Evaluating the Efficacy of a Multifaceted Prompt for Use with LLMs to Evaluate Course Project Reports
摘要
The course project report (CPR) is a crucial component for assessing students’ learning outcomes from courses they are studying. It assesses practical skills, academic writing, and logical thinking. In recent times, researchers have increasingly leveraged large language models (LLMs) to promote automated essay scoring (AES) in the education intelligence field due to its strong generalization and reasoning abilities. However, the existing LLM-based AES method design is based solely on writing proficiency and inevitably ignores the importance of assessment of cognitive engagement and practical competencies in CPRs. Additionally, CPR writing is a reflective process that includes knowledge-inquiry and cognition through critical thinking (CT), which have rarely been explored in the design of prompts for specific LLMs. To tackle this issue, we propose a novel, guided generative AI (GenAI) prompting framework for automated CPR assessment. It is created by integrating the Paul-Elder critical thinking concept into prompt design to enhance domain-specific knowledge transfer and the analytical capabilities of GenAI LLMs. Rather than focusing solely on language structure or writing skills, our approach emphasizes critical thinking evaluation using the Paul-Elder CT framework.

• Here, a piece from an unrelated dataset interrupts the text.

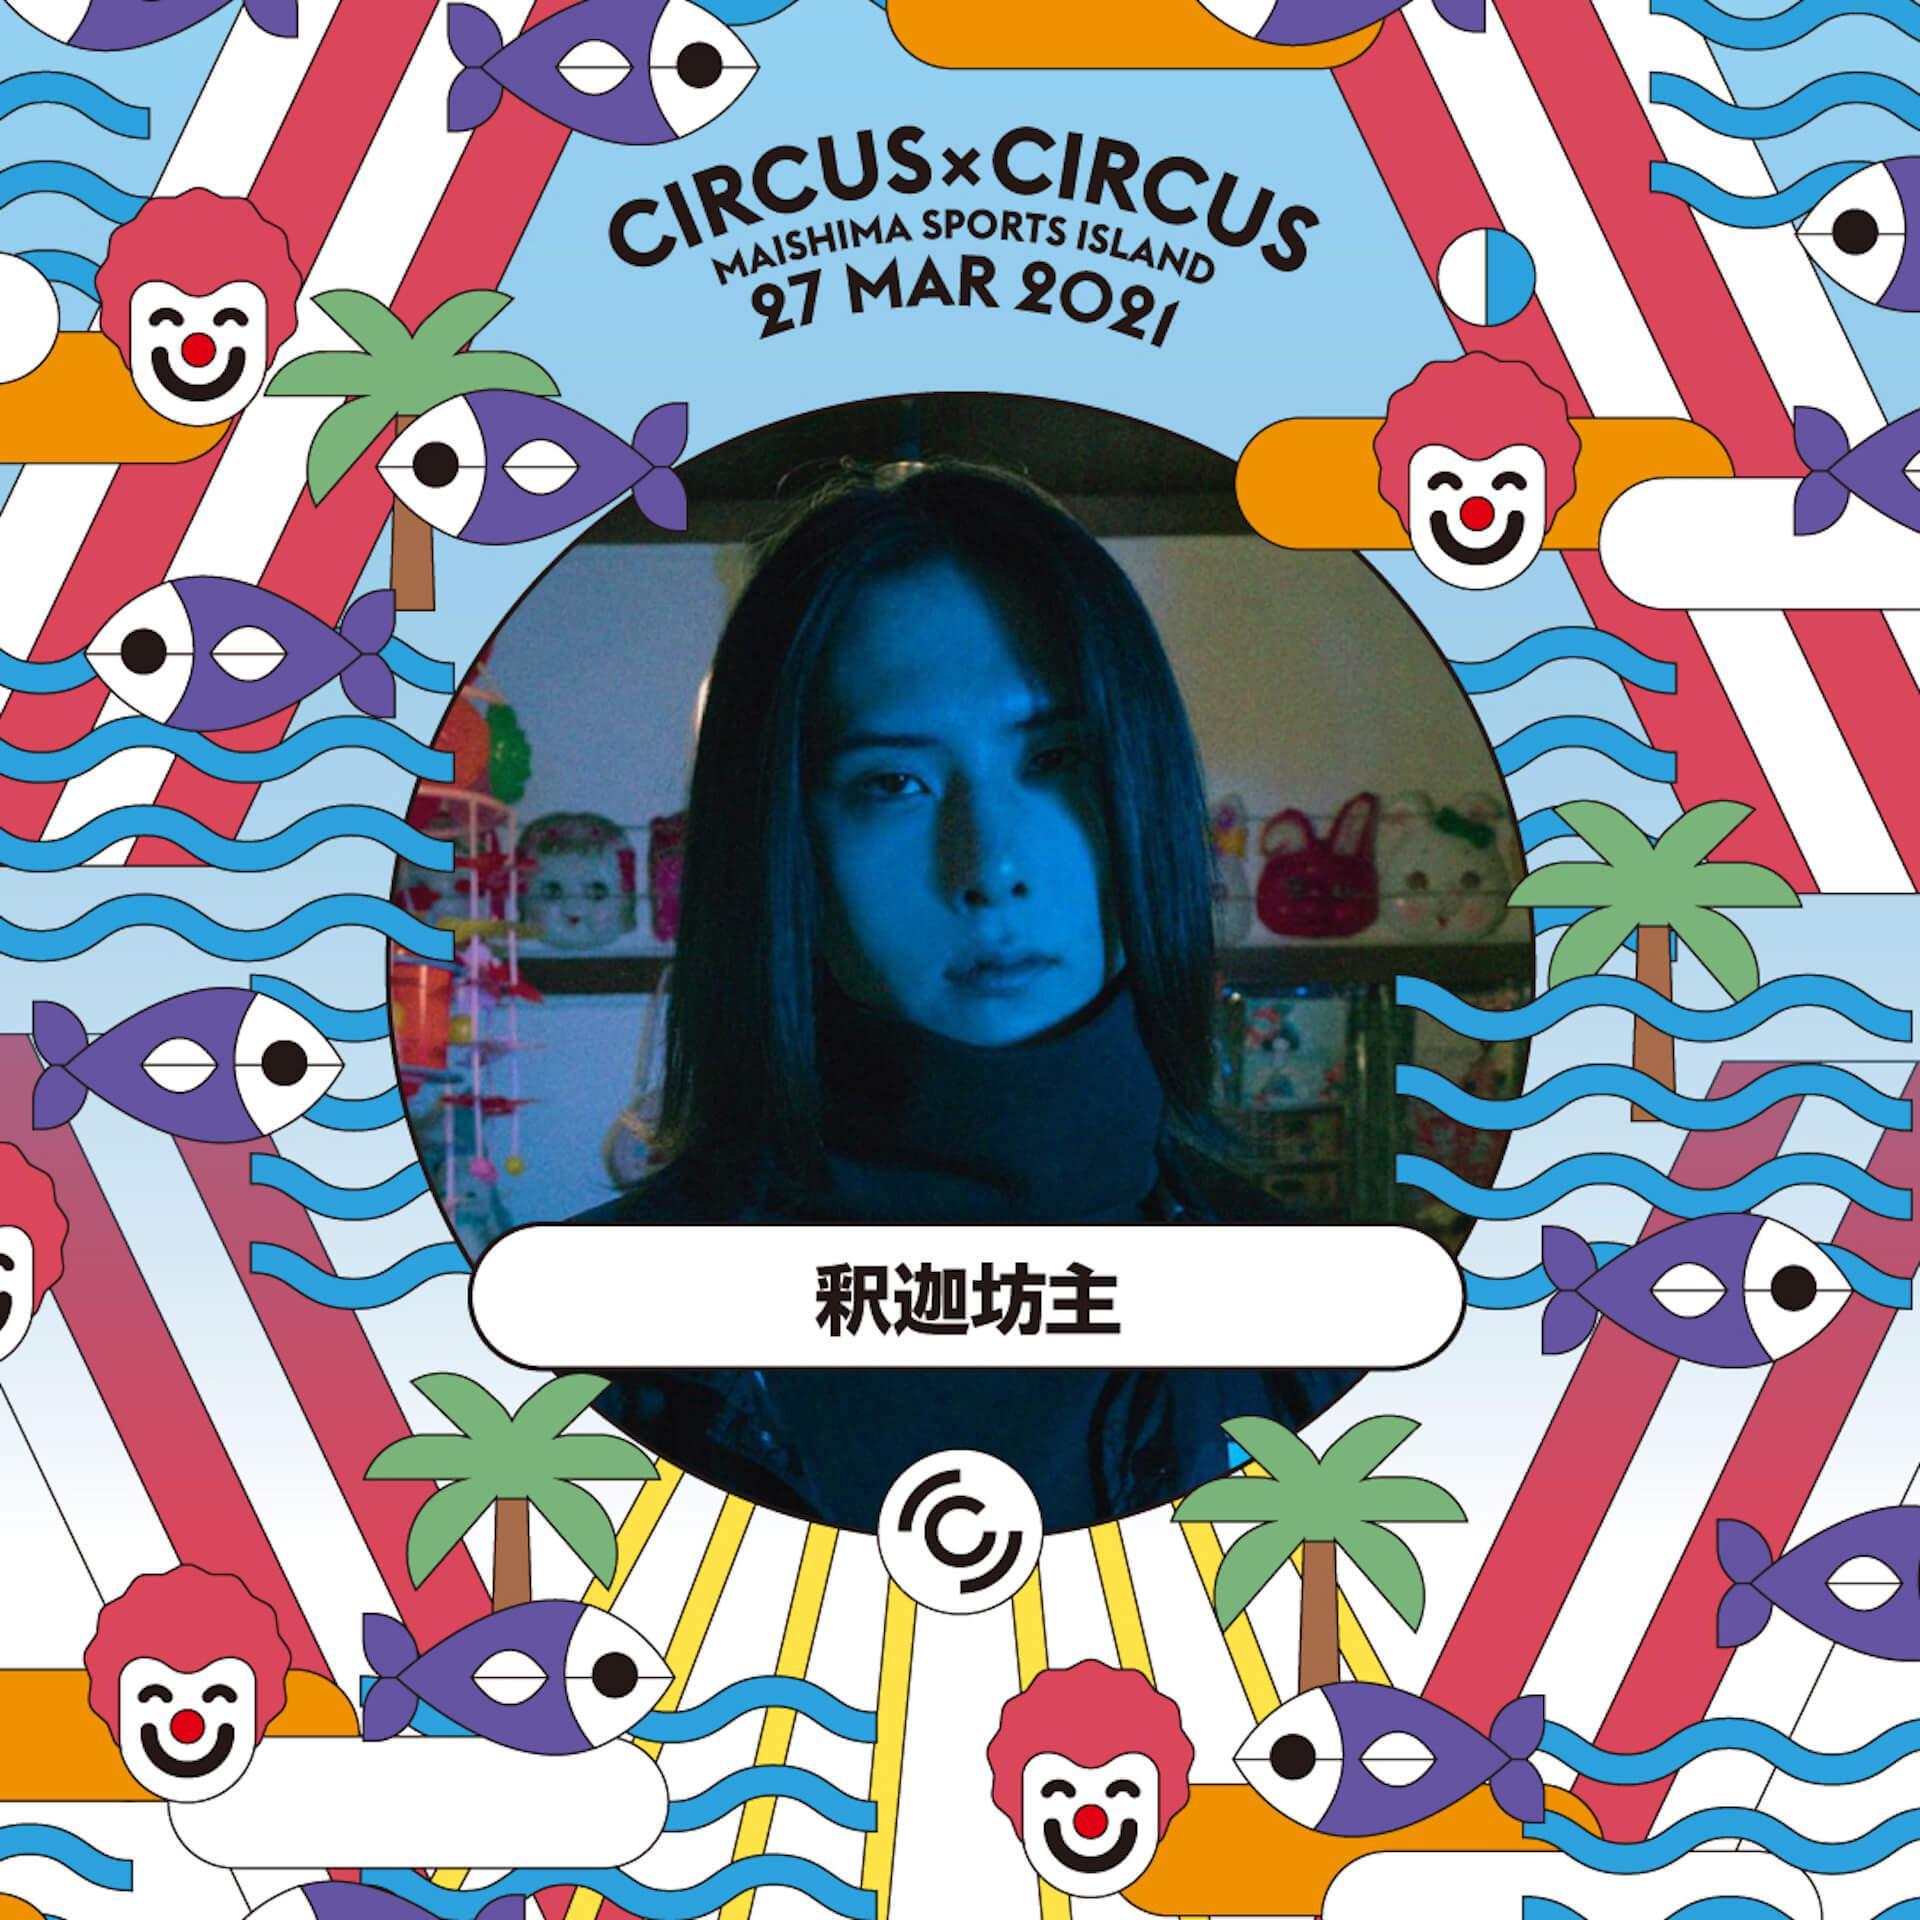 来週末開催の<CIRCUS × CIRCUS>オープニングアクトにKM!シークレットゲストも追加|YAGI&FULLHOUSEによるアフターパーティーにJNKMN、Qiezi Maboら参加 music210319_circuscircus_5

Specifically, our framework—PEG-Prompt—evaluates CPR across six dimensions—structure, logic, coherence, originality, citation, and knowledge proficiency—to evaluate CPRs comprehensively from the aspects of practical competencies, analytical reasoning, and writing skills. To further enhance the CPR assessment performance of PEG-Prompt, we combine PEG-Prompt with extracted key content from reports and representative examples of few-shot scoring. Experimental results demonstrate that PEG-Prompt significantly improves the correlation between LLM-generated scores and human scores. The enhanced framework may enable students to receive helpful feedback and summaries of their CPR results through GenAI once it has been calibrated with human evaluators.